“It is well-settled that the inclusion of an inherent, but undisclosed, property of a composition does not render a claim to the composition nonobvious . . . A patent can be invalid based on inherency when the patent itself makes clear that a limitation is ‘not an additional requirement imposed by the claims . . . , but rather a property necessarily present.’” – CAFC decision
On January 9, the Court of Appeals for the Federal Circuit (CAFC) affirmed a decision of the U.S. District Court for the Northern District of Illinois, holding claim 6 of U.S. Patent No. 8,648,106 (the ‘106 patent) invalid as obvious. The ‘106 patent, owned by Hospira, Inc. (Hospira), is one of many patents covering Hospira’s dexmedetomidine products under the brand Precedex, such as the ready-to-use Precedex Premix product. Hospira sued Fresenius Kabi USA LLC (Fresenius) for infringement of claim 6 of the ‘106 patent, over its filing of an Abbreviated New Drug Application (ANDA) regarding its ready-to-use generic dexmedetomidine product.
‘106 Patent Claim 6
Dexmedetomidine hydrochloride, a sedative patented in 1980 (U.S. Patent No. 4,910,214), has been marketed up until recently in either 100 ug/mL concentrate form, requiring the drug to be diluted before intravenous administration, or as Dexdomitor, a ready-to-use 500 ug/mL formulation sealed in a glass vial with a rubber stopper, with a shelf life of two years. Responding to stability studies conducted to measure the loss in drug potency, the ‘106 patent claims a process by which a 4 ug/mL dexmedetomidine hydrochloride formulation can be manufactured in a way that the compound remains stable and active after prolonged storage. In this process, an atmosphere of filtered nitrogen gas is maintained in the head space of the surge bottle, and the headspace of the container is gassed with nitrogen to achieve not more than 5% of oxygen in the headspace. In these conditions, the ‘106 patent claims a liquid compound that exhibits no more than about 2% decrease in the concentration of dexmedetomidine. During a five-day bench trial, the district court held that Fresenius had proven by clear and convincing evidence that claim 6 would have been obvious over the prior art, because the “about 2%” limitation is inherent in a 4 ug/mL formulation.
The CAFC did not the district court’s ruling clearly erroneous.
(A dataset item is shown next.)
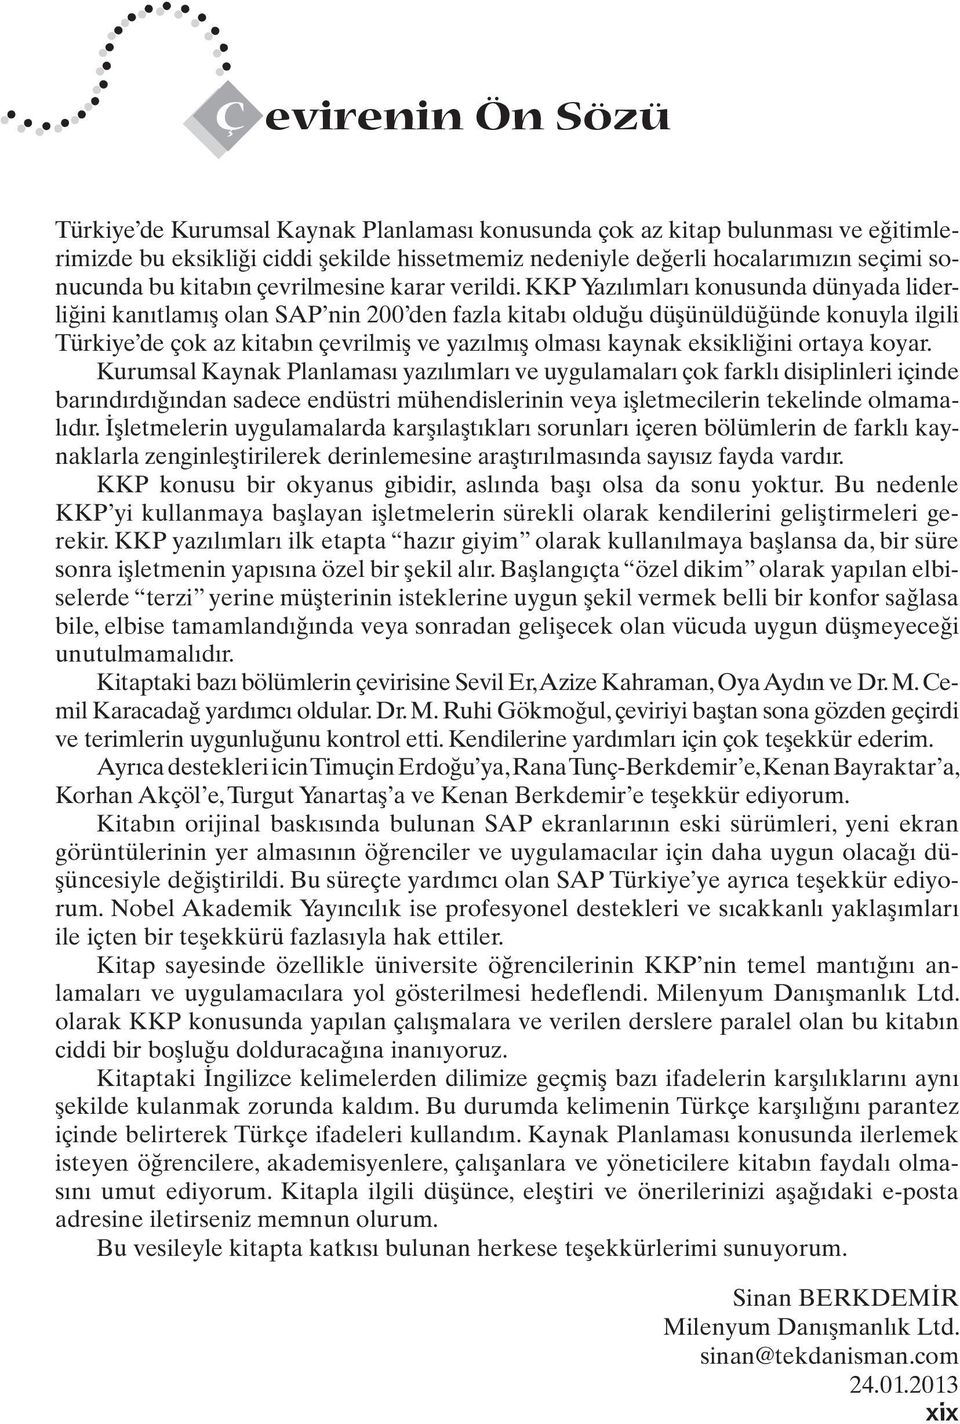 KKP Yazılımları konusunda dünyada liderliğini kanıtlamış olan SAP nin 200 den fazla kitabı olduğu düşünüldüğünde konuyla ilgili Türkiye de çok az kitabın çevrilmiş ve yazılmış olması kaynak

Addressing Hospira’s argument that the court erred in its application of the inherency doctrine by considering the inherent properties of non-prior art embodiments, the court held that extrinsic evidence can be used to demonstrate what is “necessarily present” in a prior art embodiment, even if the extrinsic evidence is not itself prior art. Additionally, the court held that the work of the inventor/patentee can be used as evidence of inherency where it elucidates what the prior art consisted of. Hospira also argued that the district court misapplied the law of inherency by considering only the samples in the record prepared by the manufacturing process in Example 5. In response, the CAFC stated that importing the unclaimed, manufacturing limitations of Example 5 into the claim which has no such limitations would be improper. The CAFC thus found that the district court did not misapply the law of inherency by considering the samples in the record without regard to the process by which those samples were prepared.
The CAFC then turned to the “about 2%” limitation. The district court reviewed evidence of 20 samples of the 4 ug/mL preferred embodiment, finding that each one met the “about 2%” limitation. Additionally, expert testimony concluded that because concentration does not affect the stability of dexmedetomidine, the drug is stable at any concentration. Hospira argued that the samples in the record are not representative of every possible formulation of the 4 ug/mL preferred embodiment. However, the CAFC found that Hospira did not present evidence of a sample failing to meet the 2% limitation, nor did Hospira present evidence showing that the manufacturing process of Example 5 was the reason why all tested samples met the “about 2%” limitation. The CAFC thus upheld the district court’s decision finding that stability was not affected simply by adding a solvent to dilute the stable drug from 100 ug/mL to 4 ug/mL. Next, Hospira argued that the district court did not conduct the correct inherency analysis because the court applied the “reasonable expectation of success” standard as opposed to the “necessarily present” standard. The CAFC agreed with the argument made by Fresenius that the district court completed its inherency analysis when it found that the “about 2%” limitation was necessarily present in the prior art, based on evidence of tested samples in the record.
“It is well-settled that the inclusion of an inherent, but undisclosed, property of a composition does not render a claim to the composition nonobvious . . . A patent can be invalid based on inherency when the patent itself makes clear that a limitation is “not an additional requirement imposed by the claims . . . , but rather a property necessarily present.”
Therefore, held the CAFC, because claim 6 did not recite any manufacturing limitations related to stability or an added component that enhances stability, the district court did not err in finding that claim 6 simply recited a composition, and was thus invalid as obvious over the prior art.
Fresenius was represented by a team led by Imron Aly of Schiff Hardin and Hospira was represented by Adam Unikowsy of Jenner & Block.